> Exercise objective: Reproduce the line with "Happy child looking" and everything after it in the listing below, exactly, both ends included. No pictures.

> Data:
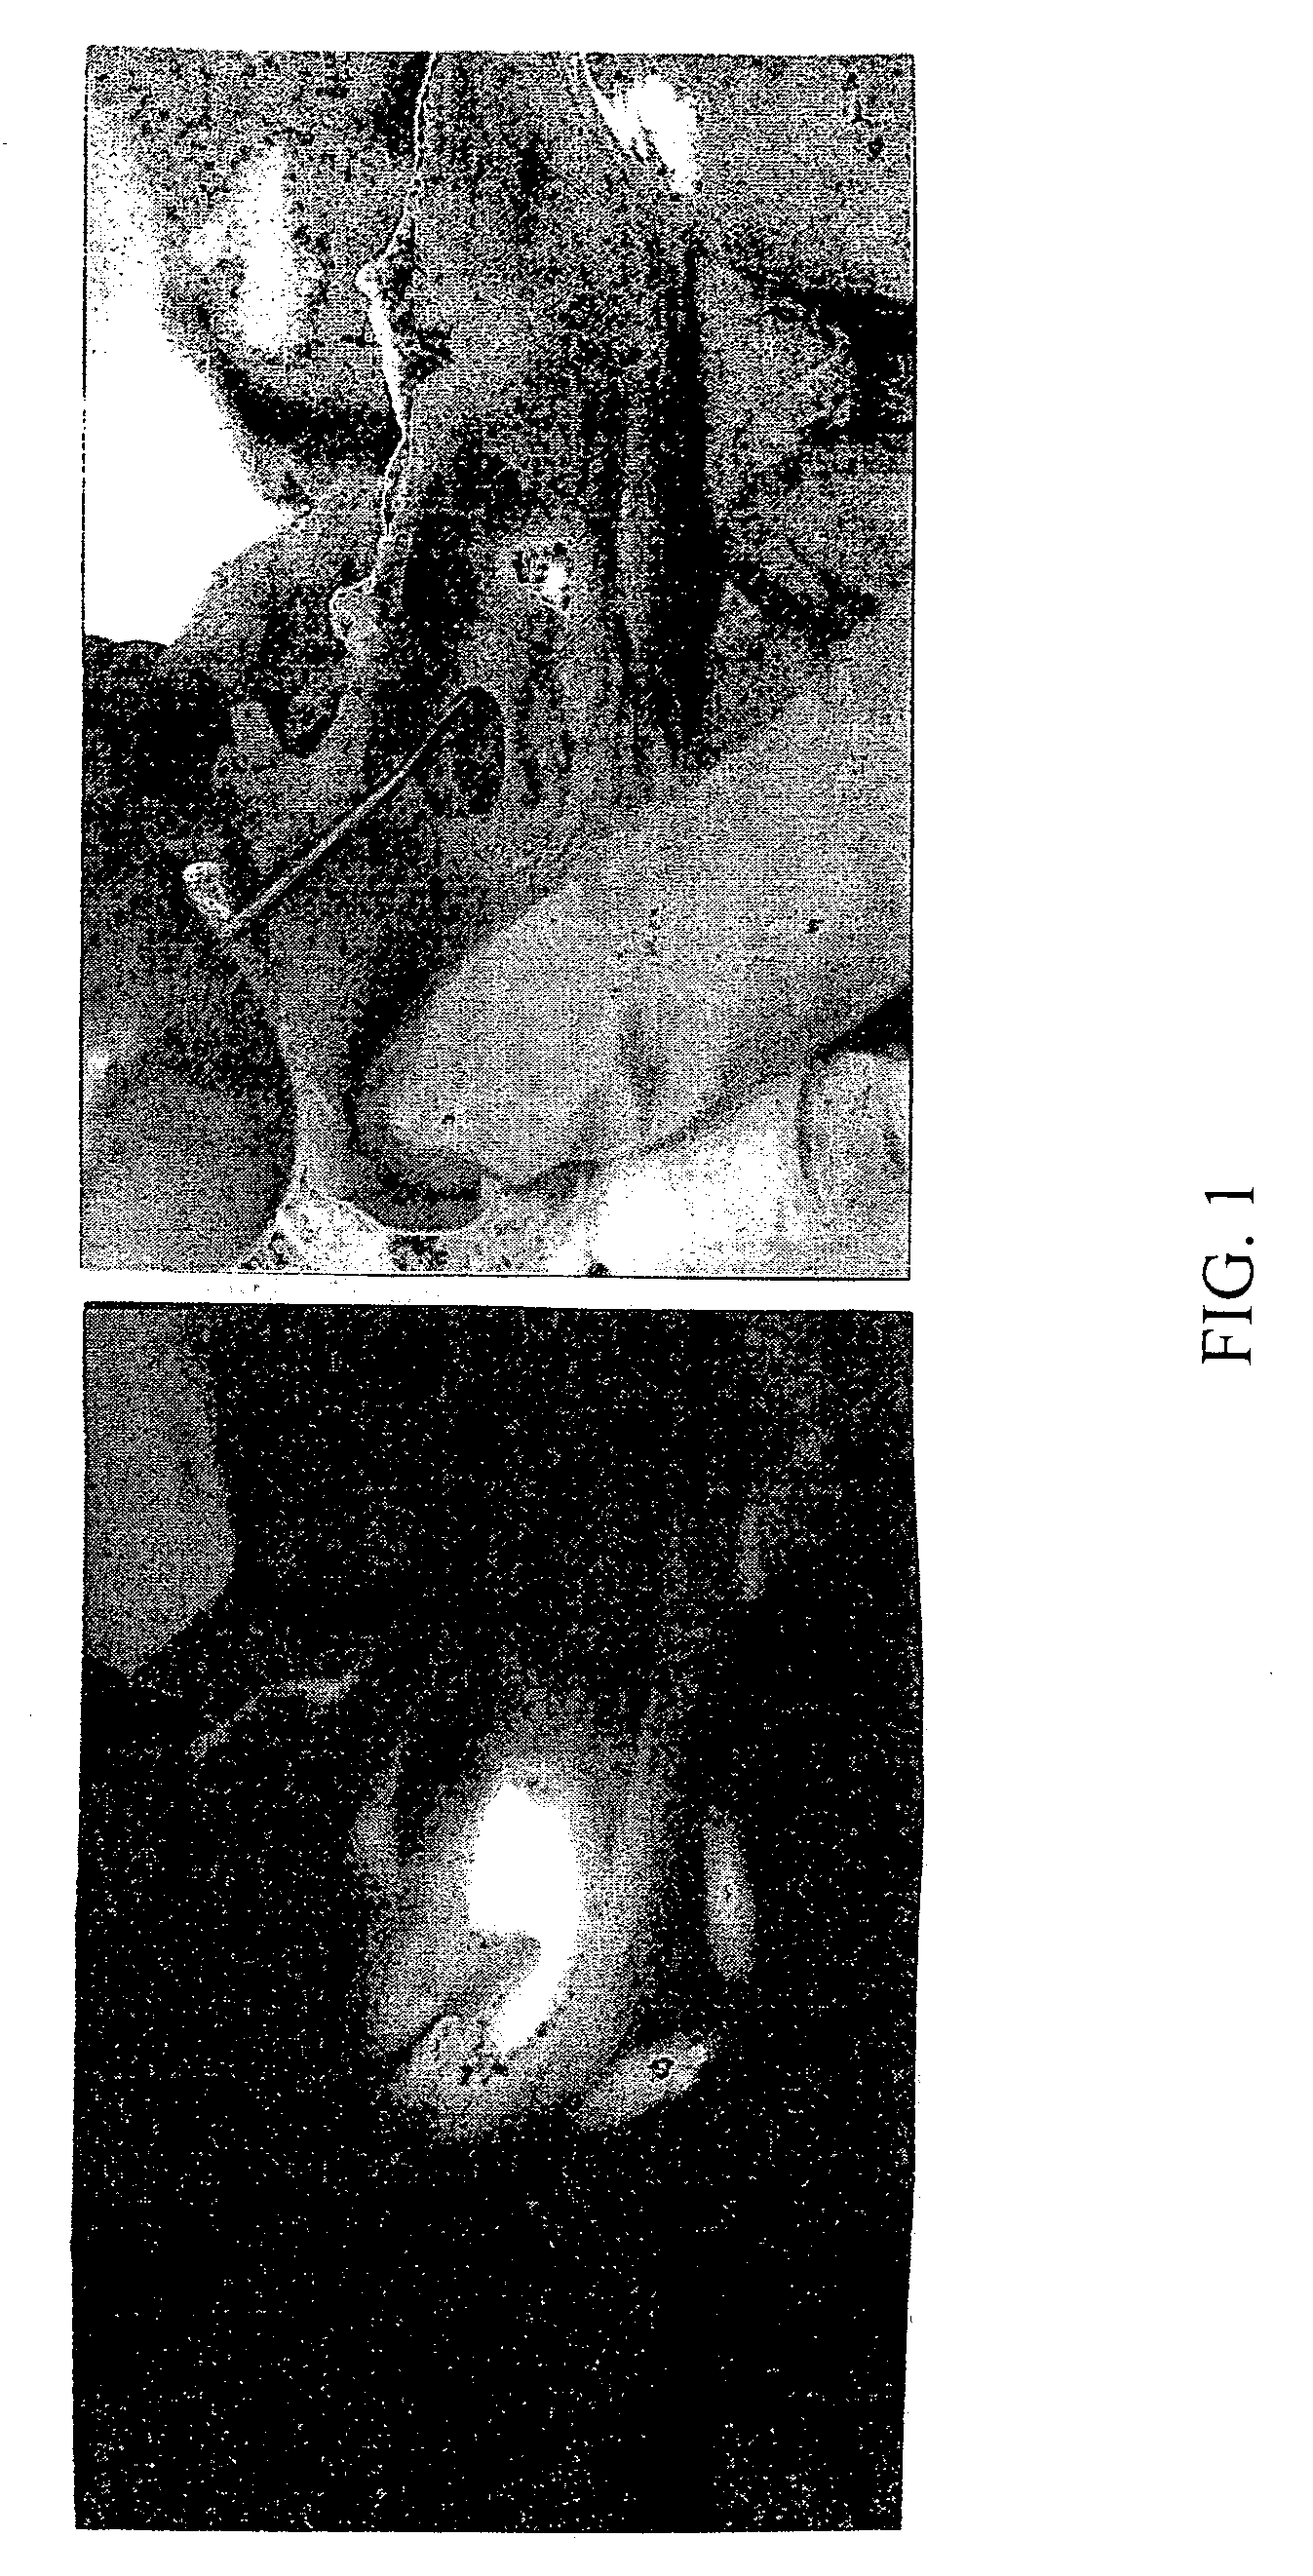 Method and apparatus for detecting and achieving closure of patent foramen ovale
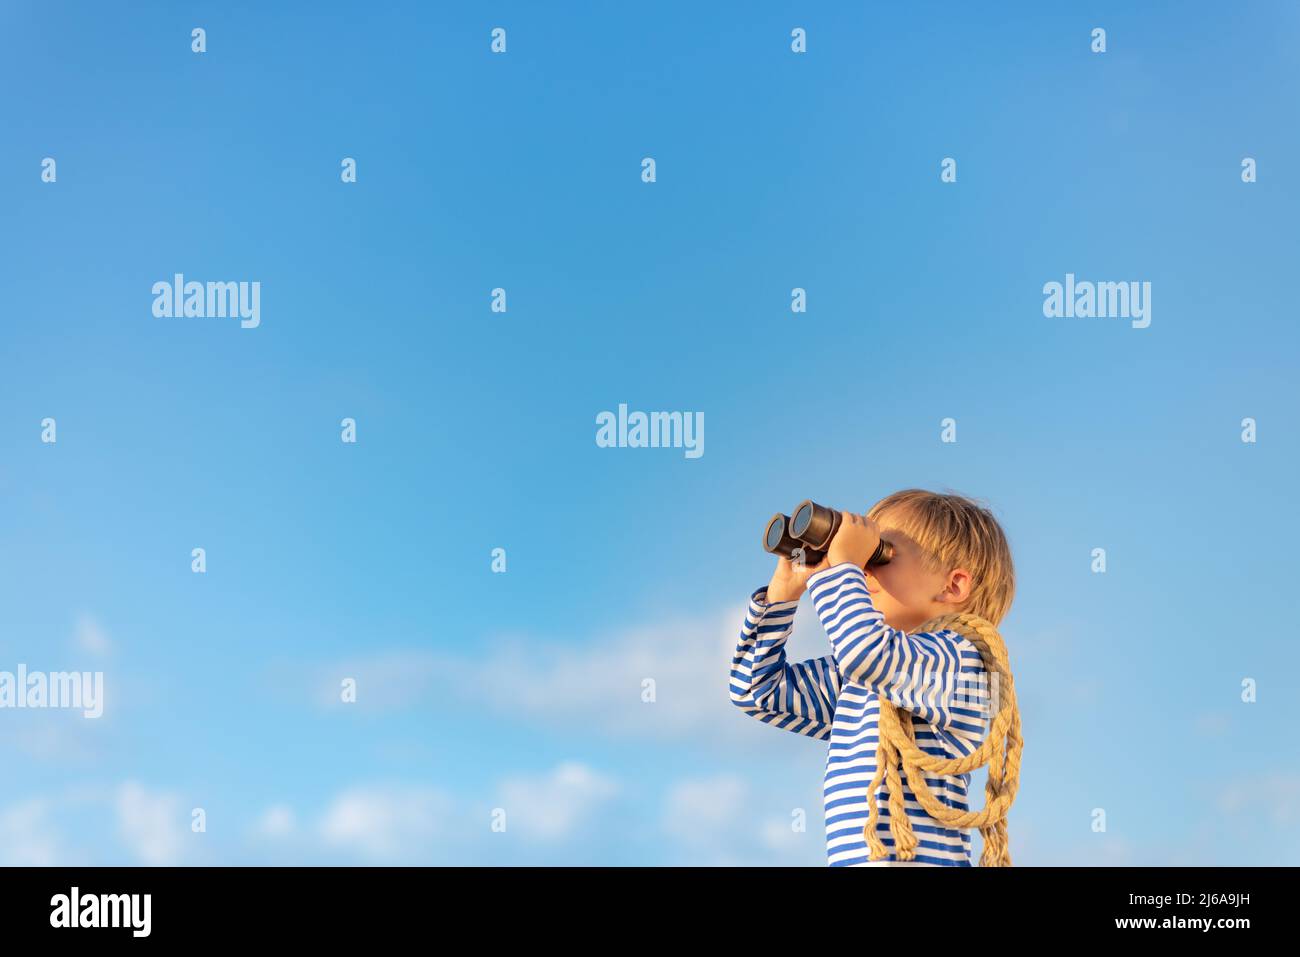 Happy child looking through vintage binoculars against blue sky. Kid having fun in summer. Imagination and freedom concept. Stock Photo
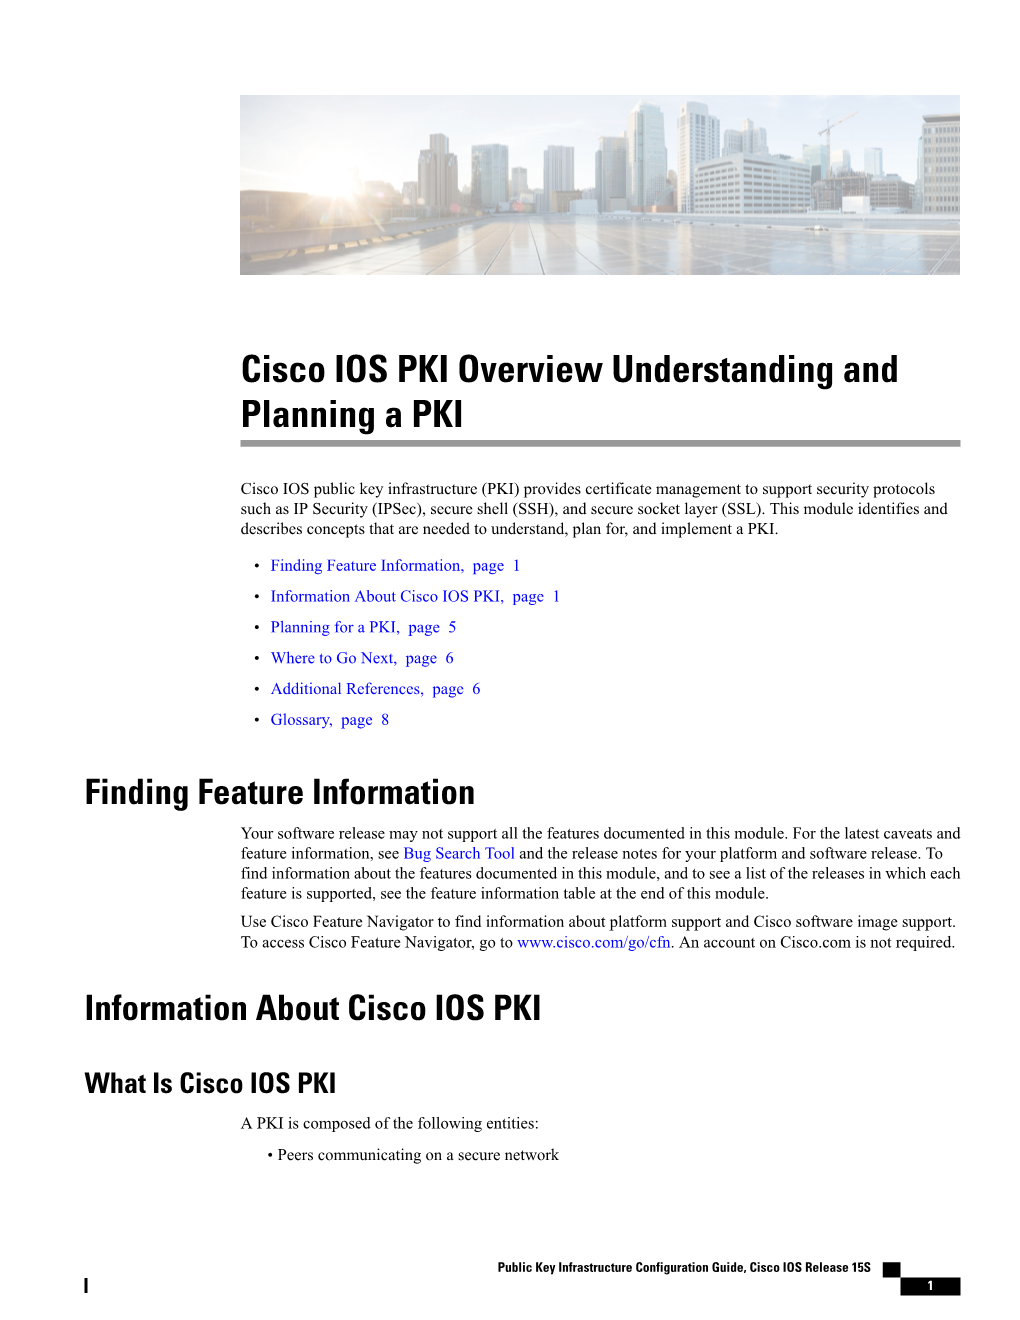 Cisco IOS PKI Overview Understanding and Planning a PKI
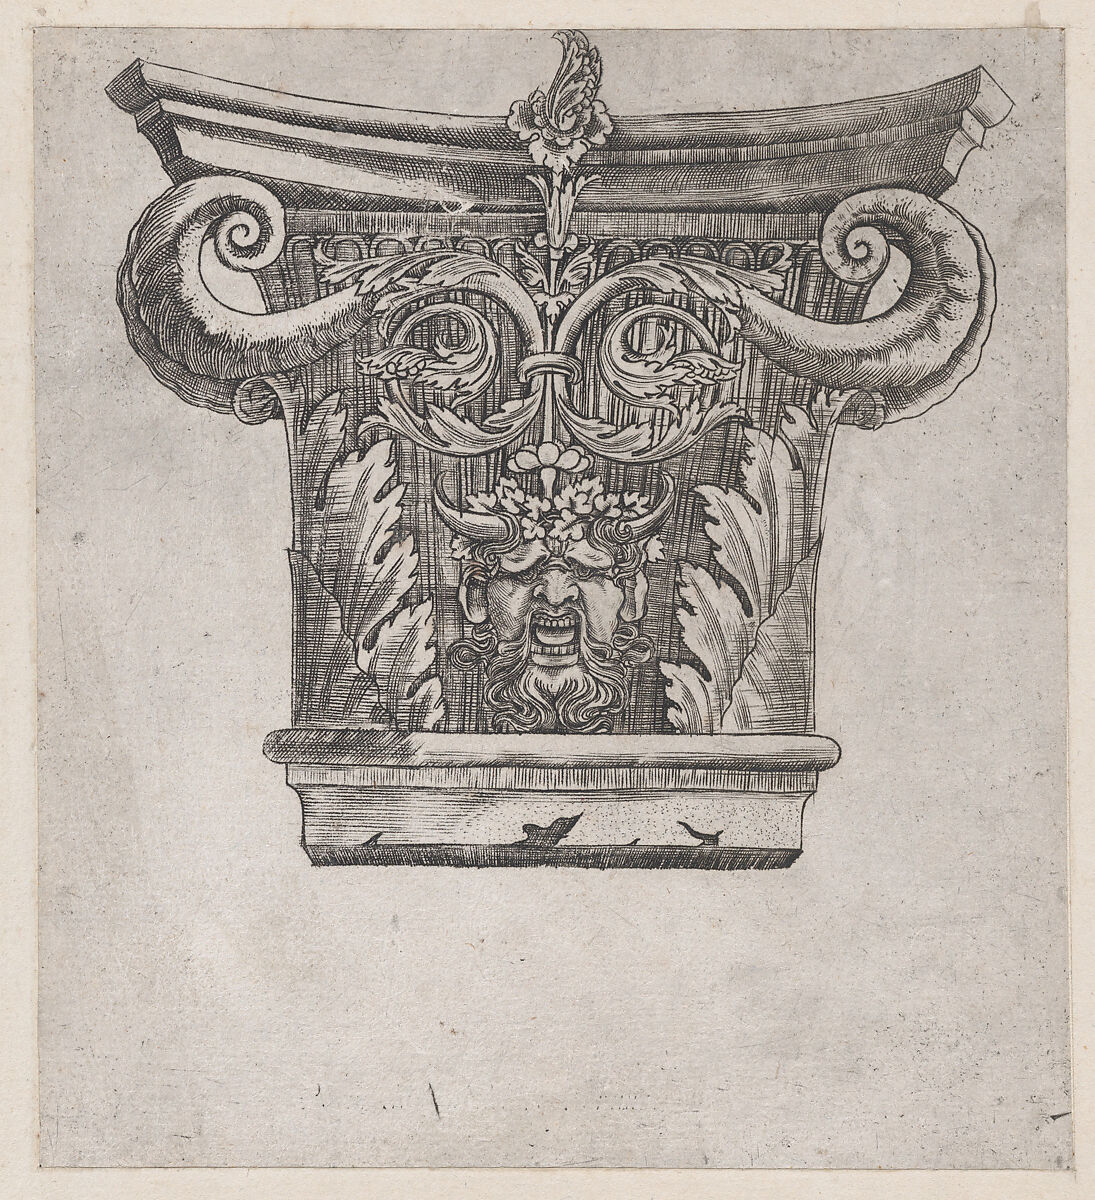 Capital with peapod volutes and satyr head, from "Speculum Romanae Magnificentiae", Monogrammist G.A. &amp; the Caltrop (Italian, 1530–1540), Engraving

> Answer below:
 Happy child looking through vintage binoculars against blue sky. Kid having fun in summer. Imagination and freedom concept. Stock Photo
 Cisco IOS PKI Overview Understanding and Planning a PKI
 Capital with peapod volutes and satyr head, from "Speculum Romanae Magnificentiae", Monogrammist G.A. &amp; the Caltrop (Italian, 1530–1540), Engraving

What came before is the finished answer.